I have a large csv
file with the columns id,time,location
. I made it an RDD, and want to compute some aggregated metrics of the trips
, when a trip is defined as a time-contiguous set of records of the same id, separated by at least 1 hour on either side. I am new to spark. (related)
To do that, I think to create an RDD with elements of the form (trip_id,(time, location))
and use reduceByKey
to calculate all the needed metrics.
To calculate the trip_id
, i try to implement the SQL-approach of the linked question, to make an indicator field of whether the record is a start of a trip, and make a cumulative sum of this indicator field. This does not sound like a distributed approach: is there a better one?
Furthermore, how can I add this indicator field? it should be 1 if the time-difference to the previous record of the same id
is above an hour, and 0 otherwise. I thought of at first doing groupBy
id and then sort in each of the values, but they will be inside an Array and thus not amenable to sortByKey
, and there is no lead
function as in SQL to get the previous value.
Example of the suggested aforementioned approach: for the RDD
(1,9:30,50)
(1,9:37,70)
(1,9:50,80)
(2,19:30,10)
(1,20:50,20)
We want to turn it first into the RDD with the time differences,
(1,9:30,50,inf)
(1,9:37,70,00:07:00)
(1,9:50,80,00:13:00)
(2,19:30,10,inf)
(2,20:50,20,01:20:00)
(The value of the earliest record is, say, scala's PositiveInfinity
constant)
and turn this last field into an indicator field of whether it is above 1, which indicates whether we start a trip,
(1,9:30,50,1)
(1,9:37,70,0)
(1,9:50,80,0)
(2,19:30,10,1)
(2,20:50,20,1)
and then turn it into a trip_id
(1,9:30,50,1)
(1,9:37,70,1)
(1,9:50,80,1)
(2,19:30,10,2)
(2,20:50,20,3)
and then use this trip_id
as the key to aggregations.
The preprocessing was simply to load the file and delete the header,
val rawdata=sc.textFile("some_path")
def isHeader(line:String)=line.contains("id")

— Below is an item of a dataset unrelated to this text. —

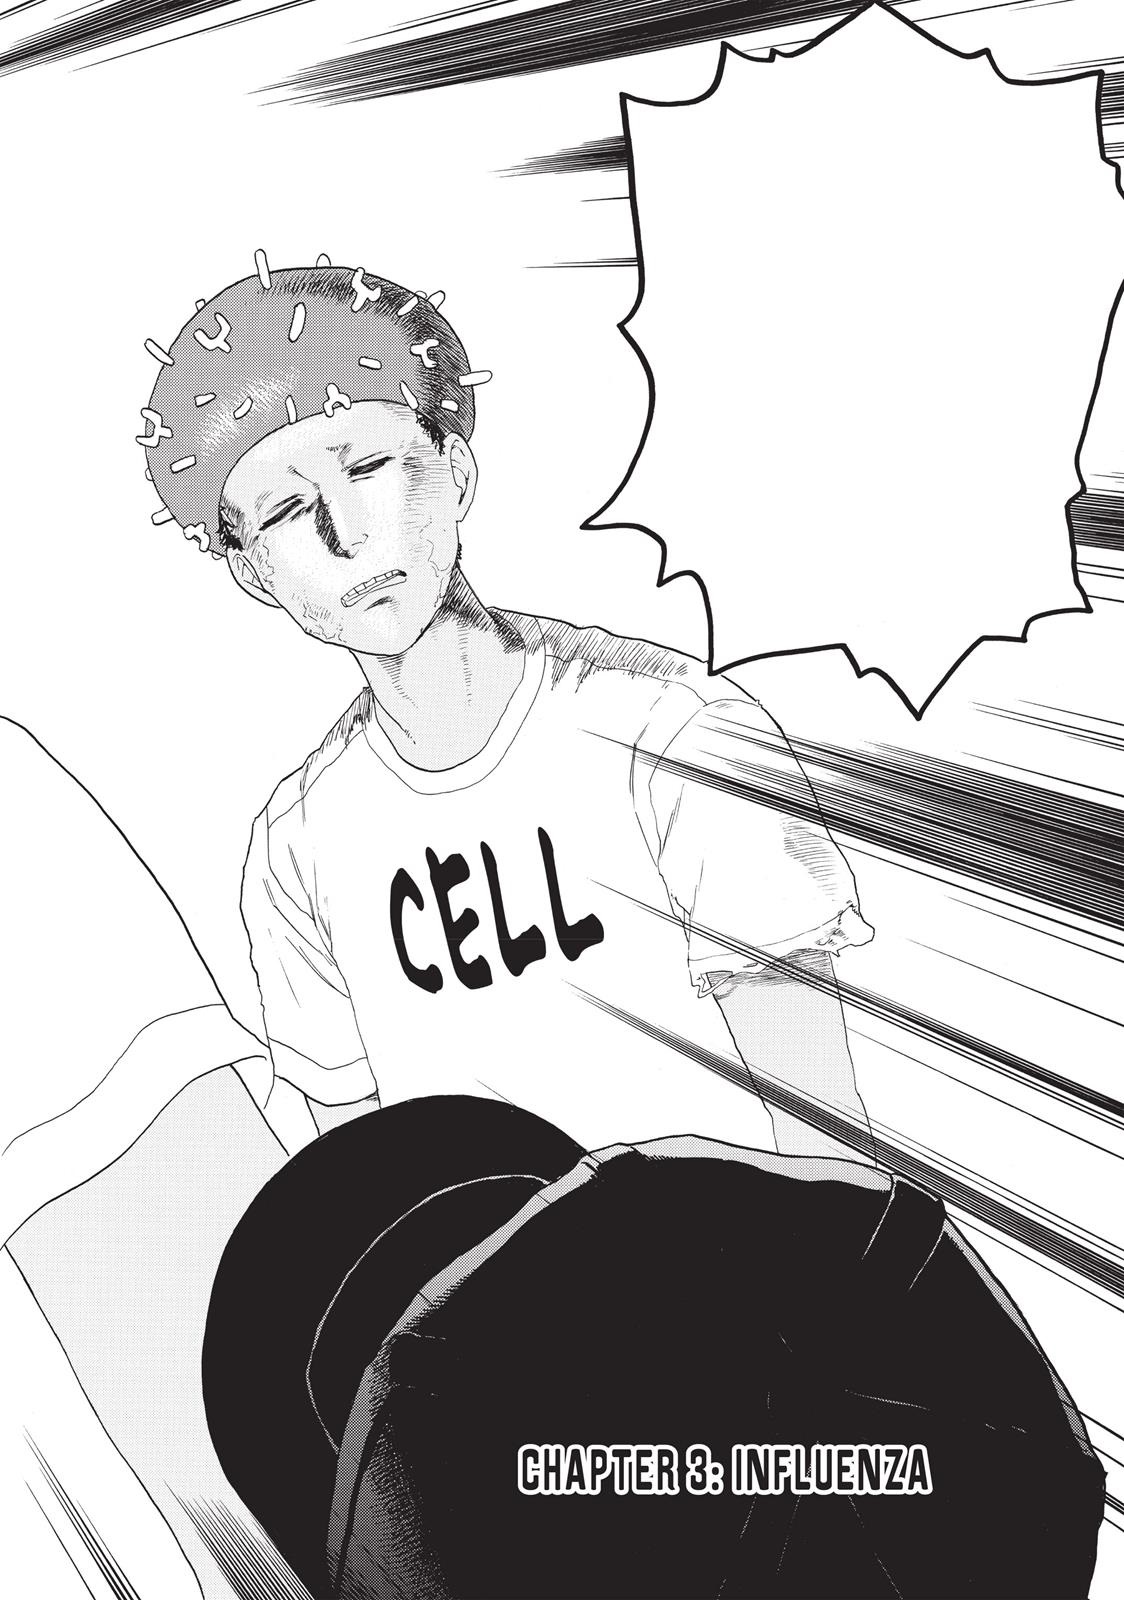 otakujp on X: Manga Cells at Work! will be ended in the next episode. The  last arc is about Covid-19. There are enemies that cannot be overlooked  The anime Season 2 starts

val data=rawdata.filter(!isHeader(_))
Edit
While trying to implement with spark SQL, I ran into an error regarding the time difference:
val lags=sqlContext.sql("
select time - lag(time) over (partition by id order by time) as diff_time from data
");
since spark doesn't know how to take the difference between two timestamps. I'm trying to check whether this difference is above 1 hour.
It Also doesn't recognize the function getTime
, that I found online as an answer, the following returns an error too (Couldn't find window function time.getTime
):
val lags=sqlContext.sql("
select time.getTime() - (lag(time)).getTime() over (partition by id order by time)
from data
");
Even though making a similar lag
difference for a numeric attribute works:
val lag_numeric=sqlContext.sql("
select longitude - lag(longitude) over (partition by id order by time)
from data"); //works
Spark didn't recognize the function Hours.hoursBetween
either. I'm using spark 1.4.0
.
I also tried to define an appropriate user-defined-function, but UDFS are oddly not recognized inside queries:
val timestamp_diff: ((Timestamp,Timestamp) => Double) =
(d1: Timestamp,d2: Timestamp) => d1.getTime()-d2.getTime()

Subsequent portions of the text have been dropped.